New Livecrawl Option: Preferred
Introducing the ‘preferred’ livecrawl option that tries to fetch fresh content but gracefully falls back to cached results when crawling fails, providing the best of both worlds.
Date: 7 June 2025
We’ve added a new livecrawl
option called "preferred"
that provides a more resilient approach to content fetching.
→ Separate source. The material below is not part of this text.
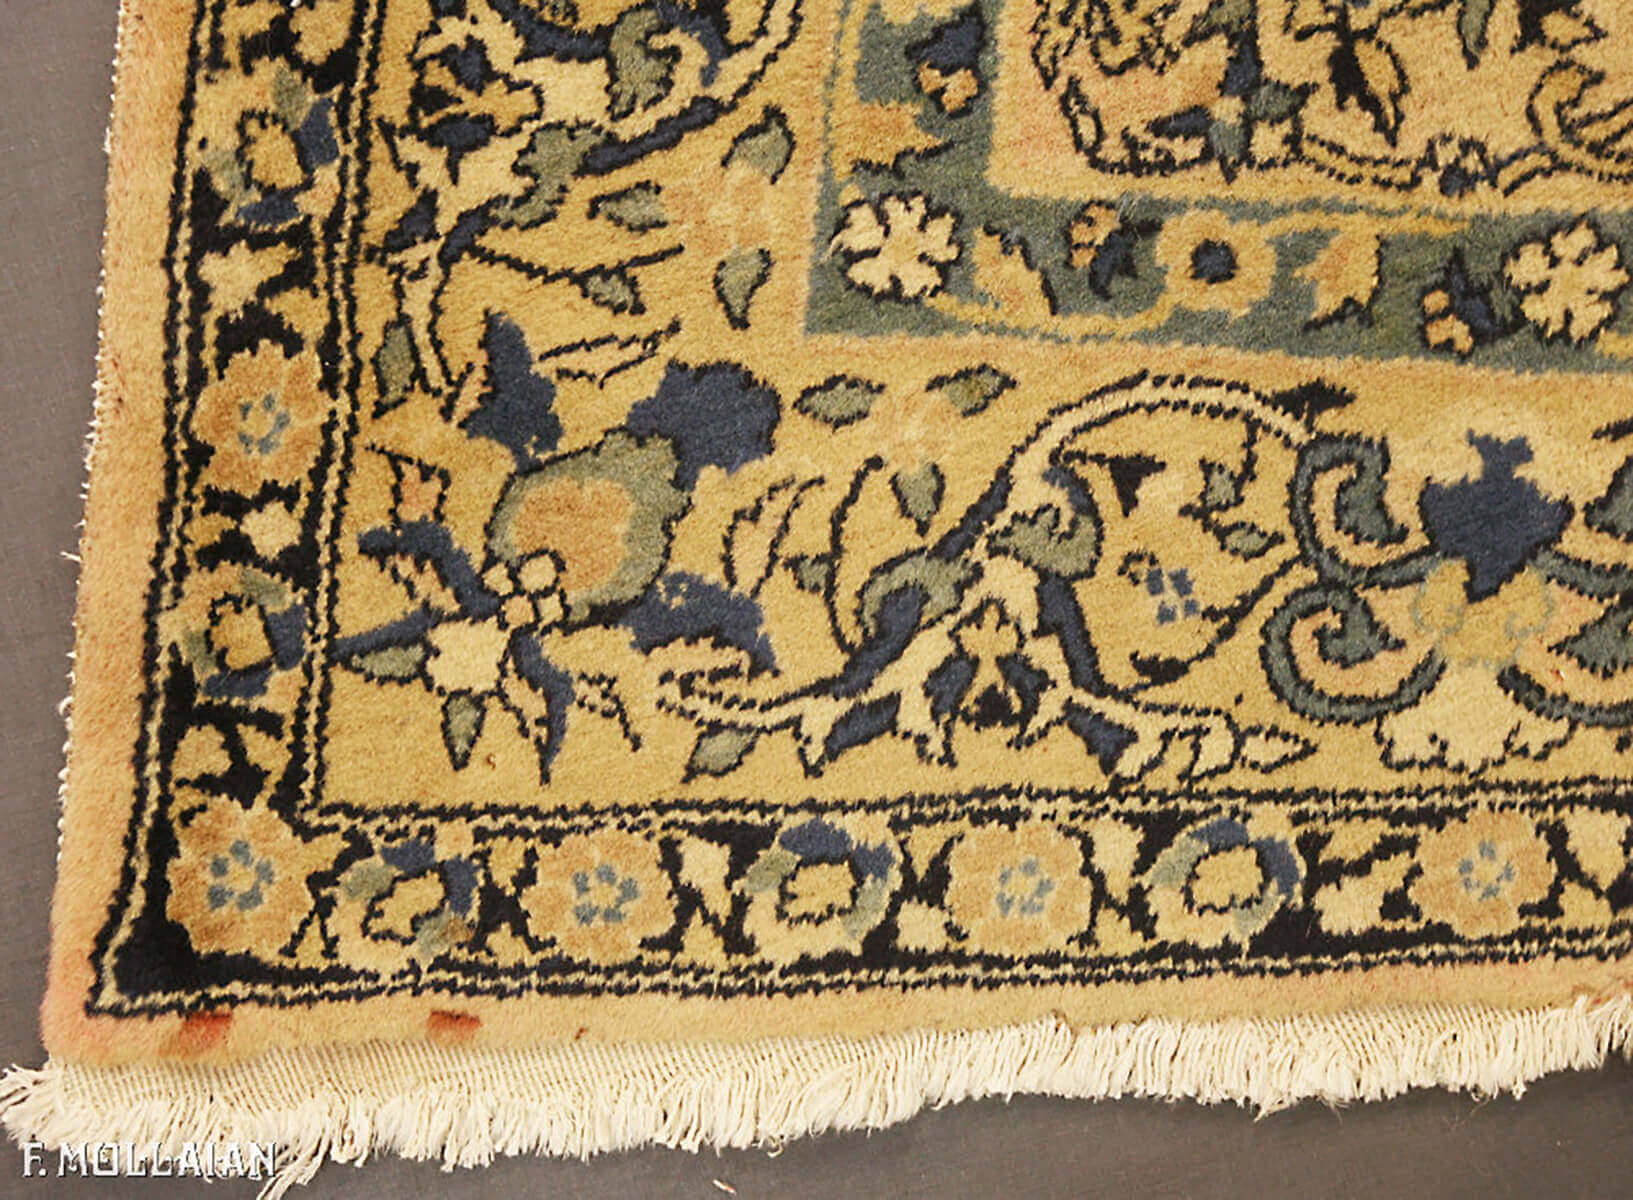 Antique Indian Indosaruk Carpet n°:61585585

This option attempts to crawl fresh content but gracefully falls back to cached results when live crawling fails.
The preferred
option is now available in both /contents
and /search_and_contents
endpoints.
What’s New
The new livecrawl: "preferred"
option provides intelligent fallback behavior:
- First: Attempts to crawl fresh content from the live webpage
- If crawling succeeds: Returns the fresh, up-to-date content
- If crawling fails but cached content exists: Returns cached content instead of failing
- If crawling fails and no cached content exists: Returns the crawl error
How It Differs from “Always”
The key difference between "preferred"
and "always"
:
Option | Crawl Fails + Cache Available | Crawl Fails + No Cache |
---|---|---|
"preferred" | Returns cached content | Returns crawl error |
"always" | Returns crawl error | Returns crawl error |
This makes "preferred"
more resilient for production applications where you want fresh content when possible, but don’t want requests to fail when websites are temporarily unavailable.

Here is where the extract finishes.